Приведём комментарий другого исследователя, который прочитывает размышление Достоевского, отмечая несоответствие позднейшей трактовки диалога Софьи и Бригадирши его исторически обусловленной семантике в тексте-источнике. И.З. Серман выразительно излагает суть высказывания Достоевского: «Достоевский, как известно, дал свой опыт разработки этого разговора Бригадирши и Софьи и пришёл к убеждению, что «умная» и «образованная» Софья в этом столкновении с «глупой» Бригадиршей осталась посрамлённой и победительницей вышла Бригадирша». Как историк литературы XVIII века, И.З. Серман спешит вернуть пьесу Фонвизина в семантическое поле времени её рождения: «Почти сто лет развития русской литературы от «Бригадира» (1769) до «Зимних заметок о летних впечатлениях» (1862) изменили отношение к теме семейного произвола и жестокости, лишь слегка затронутой у Фонвизина. Достоевского заинтересовала психологическая мотивировка отношений притеснителя-мужа и его жертвы — жены, тогда как у Фонвизина представлена только ситуация сама по себе, а не её психологические предпосылки.

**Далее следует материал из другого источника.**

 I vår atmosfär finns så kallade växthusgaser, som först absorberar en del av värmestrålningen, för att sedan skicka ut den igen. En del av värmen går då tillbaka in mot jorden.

Как и во всех других сценах комедии, где появляется Бригадирша, Софья в этом эпизоде задаёт вопрос, цель которого получить от Бригадирши комический ответ. И у нас нет оснований предполагать, что эпизод с Гвоздиловым прочитывался в XVIII веке, да и в пушкинское время «по Достоевскому»» [Серман 2013: 121].

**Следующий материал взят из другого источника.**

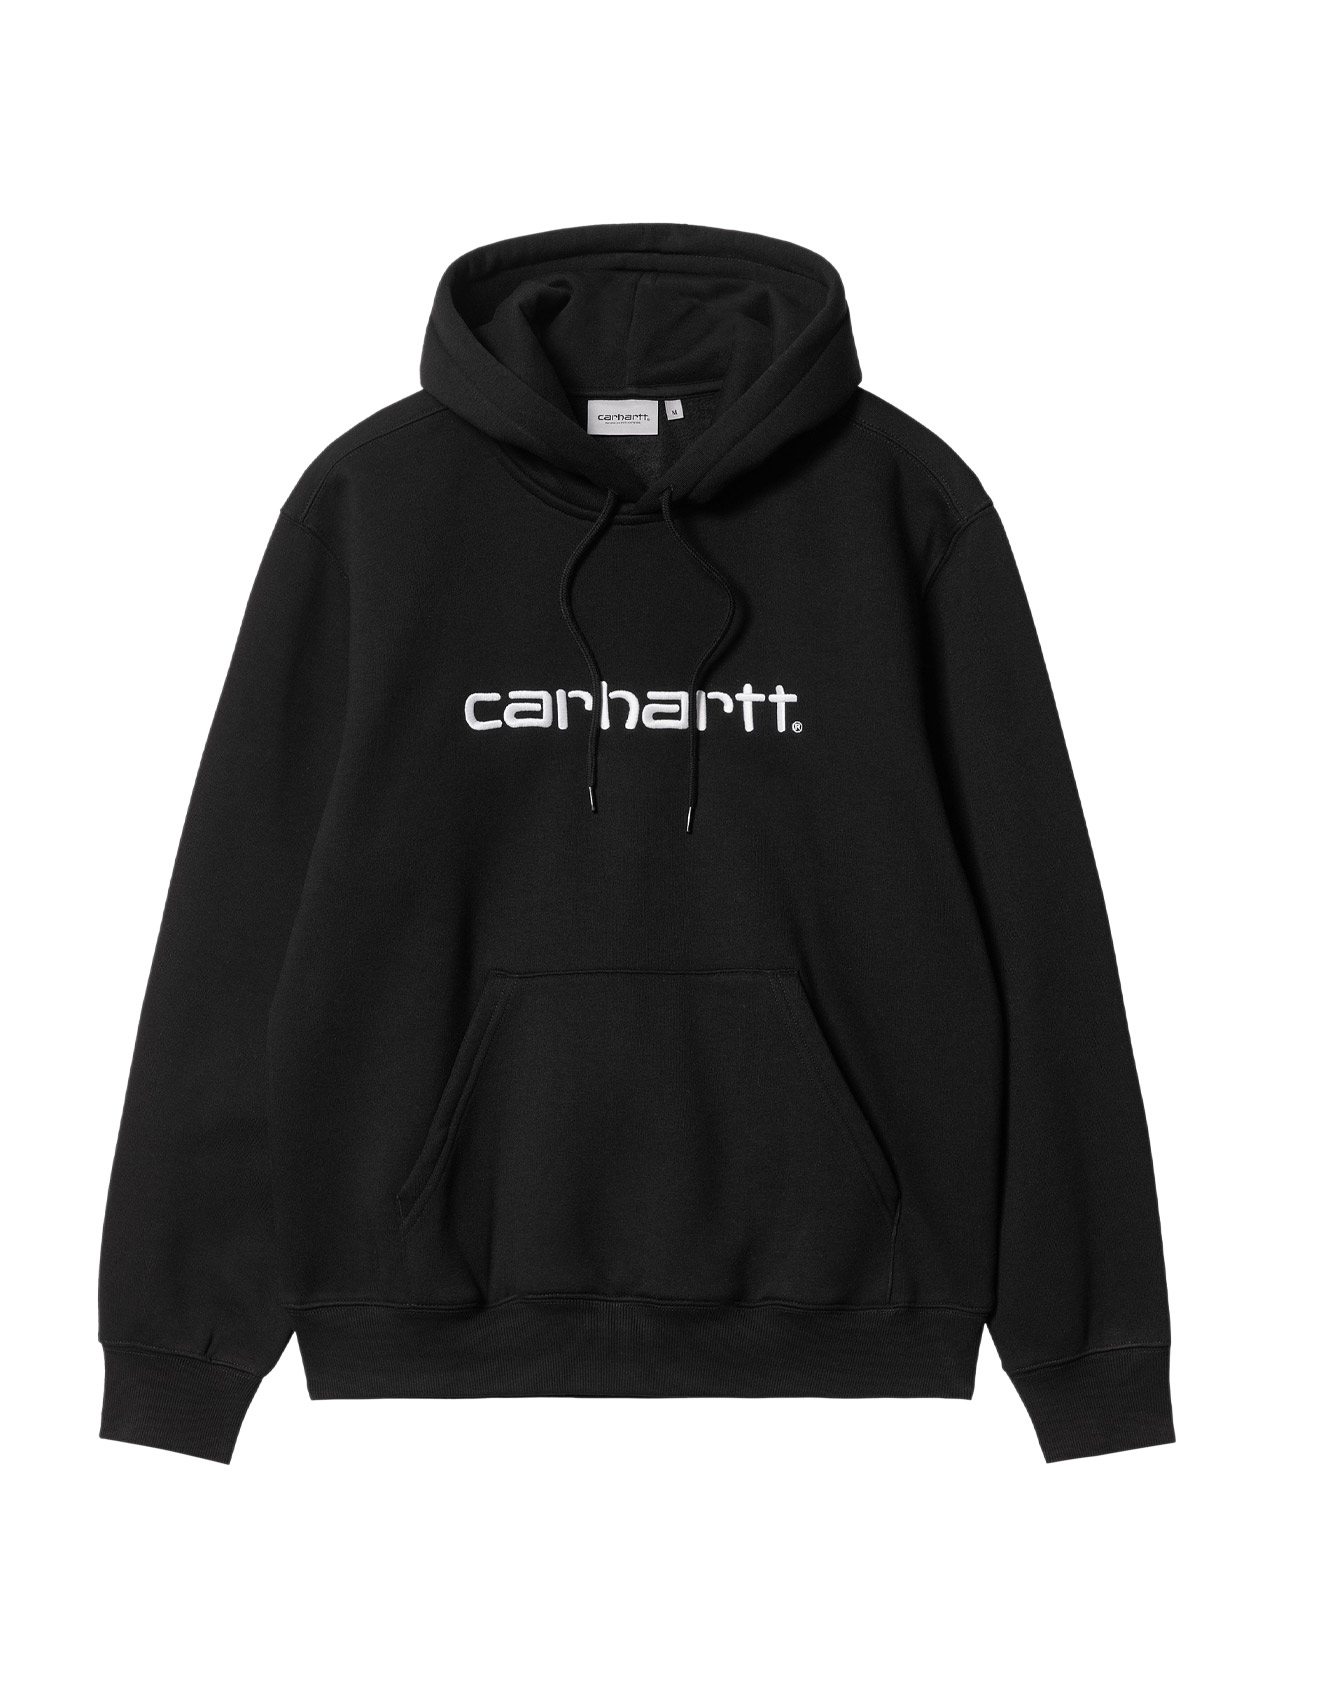 Carhartt WIP – Hooded Carhartt Sweatshirt

Мы привели эти два диалога — Достоевского с Фонвизиным и Сермана с Достоевским и Фридлендером — как методологически значимые. Должны ли мы ограничивать смысловой потенциал подлинных произведений искусства слова учётом тех значений, которые были актуальны во времена появления этих произведений на свет, и руководствоваться аналитически установленными авторскими намерениями. Это извечная и вряд ли разрешимая проблема. Ясно одно: если произведение живёт во времени, оно отвечает на вновь возникающие запросы и вызовы, вступает в диалог с новыми поколениями читателей, и в строении своём раскрывает такие свойства, которые, быть может, не осознавались и самим создателем в процессе творчества. Так что все правы. И задача историков литературы раскрывать первичные смыслы произведений далёких эпох — задача важная и полезная. Но и выявление скрытых художественных потенциалов произведений, актуализирующихся в процессе движения текстов во времени и сквозь время, — тоже задача истории литературы.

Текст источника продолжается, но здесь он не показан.